Credit Abigail Wilson

Other factors such as growing up around livestock and just simply playing in the dirt can affect the occurrence of a food allergy too, Veras says. In early childhood, boys are more likely to have food allergies but after puberty, more girls present an allergy. But in Sean’s case, his severe peanut allergy isn’t likely to go away.

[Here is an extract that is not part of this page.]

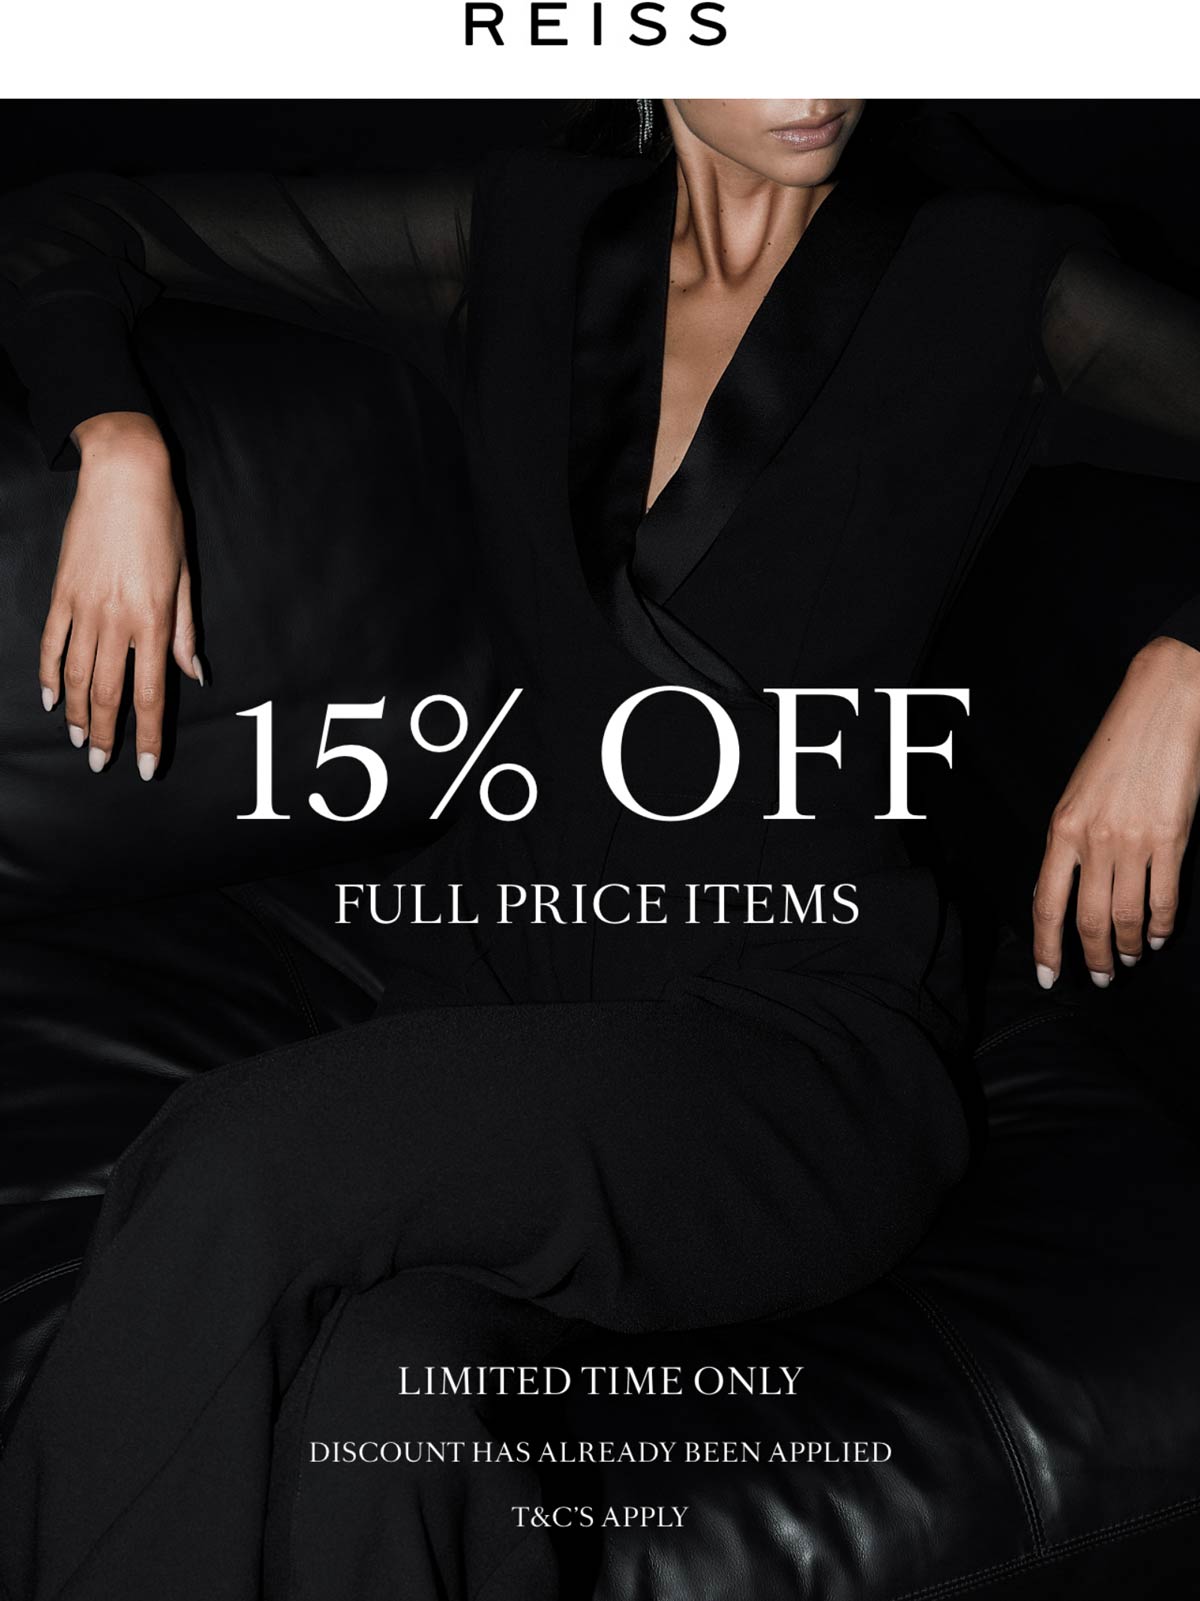 REISS stores Coupon  15% off at REISS #reiss 
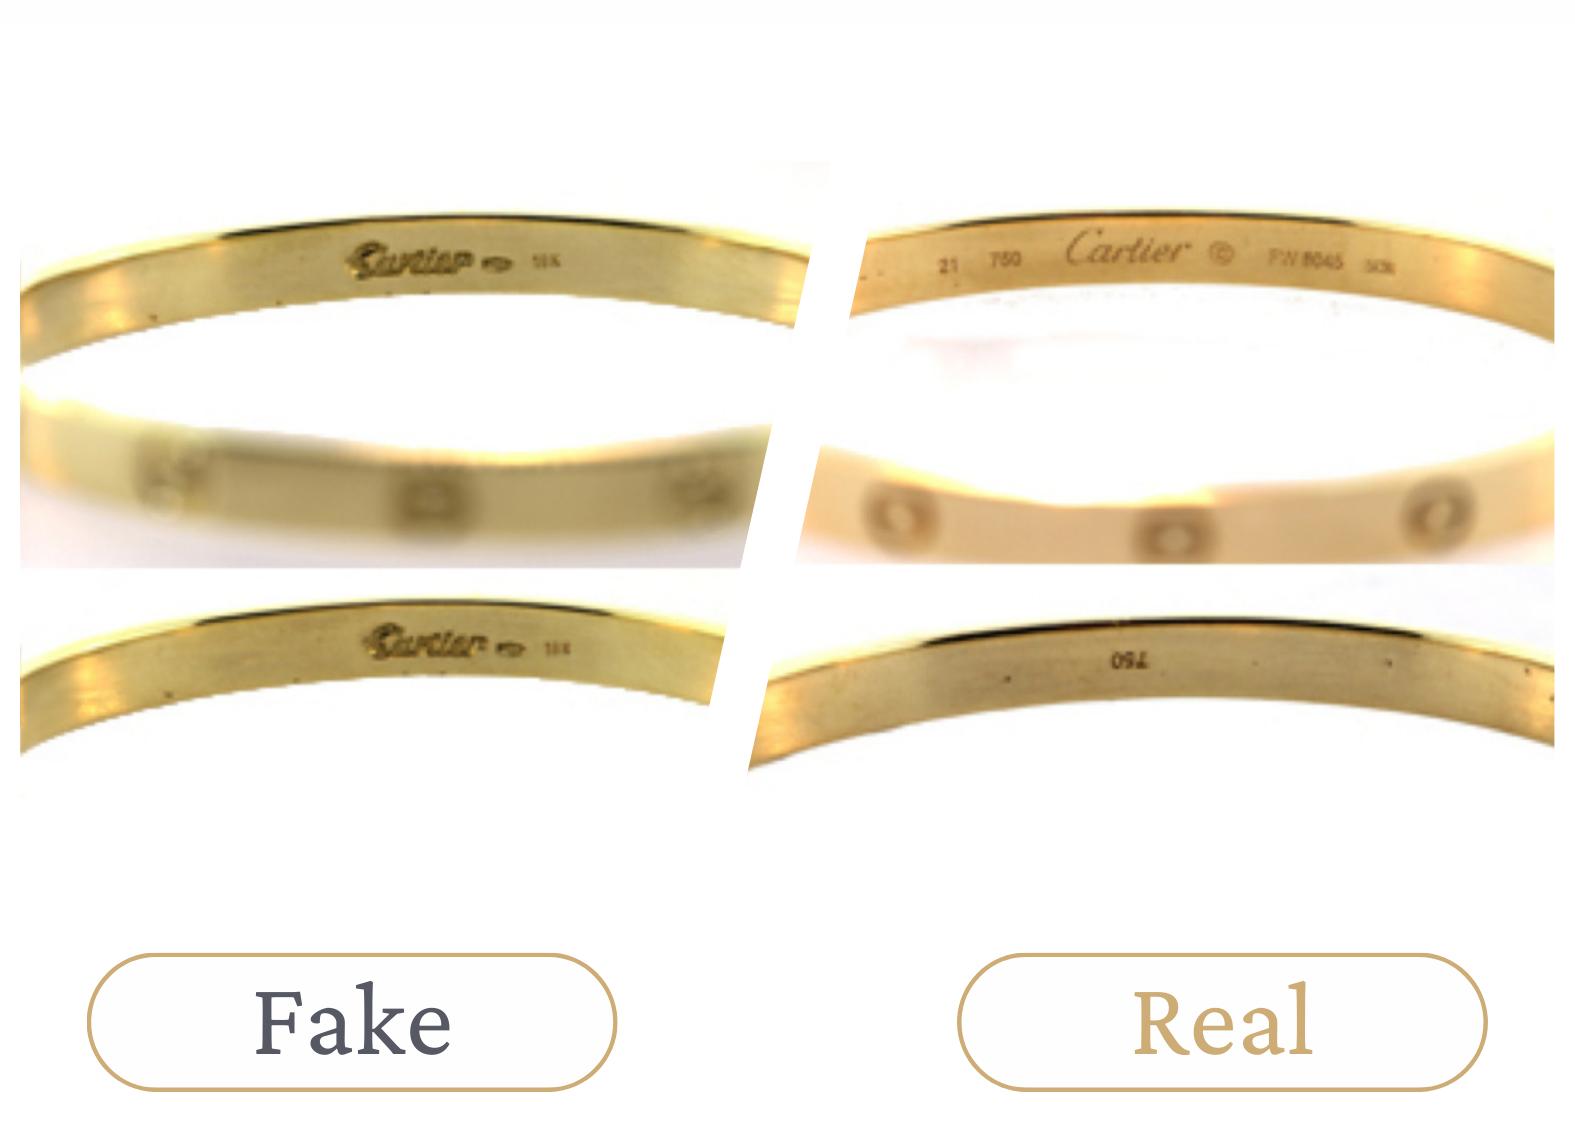 How to Spot A Fake Cartier Love Bracelet - fake vs real 1

“A child that is allergic to peanut has a 20 percent chance of outgrowing their peanut allergy. It’s not impossible, but if you compare it to milk and egg, it’s significantly lower,” says Dr. Veras. “The other thing is that peanut and tree nut allergies are actually risk factors for more sever allergic reactions.”

But Sean says he’s learned his lesson, and even though he’s not excited about it, he will use his EpiPen in the future. Fingers-crossed, he won’t have another severe reaction, and thanks to his self-discipline, the odds seem in his favor.

“I’m careful about it. I check every label. That’s a routine for me. Every time we go to the store, if I want something new I check the label and make sure it’s safe,” he says. “It’s not that hard because it’s kind of daily life. I’ve lived with it for a while now.”

Checking labels and watching for cross-contamination is something Sean will likely have to do for the rest of his life. As will the nearly 6 million children in the U.S. who have food allergies.

Food is made in the USD 259 warehouse.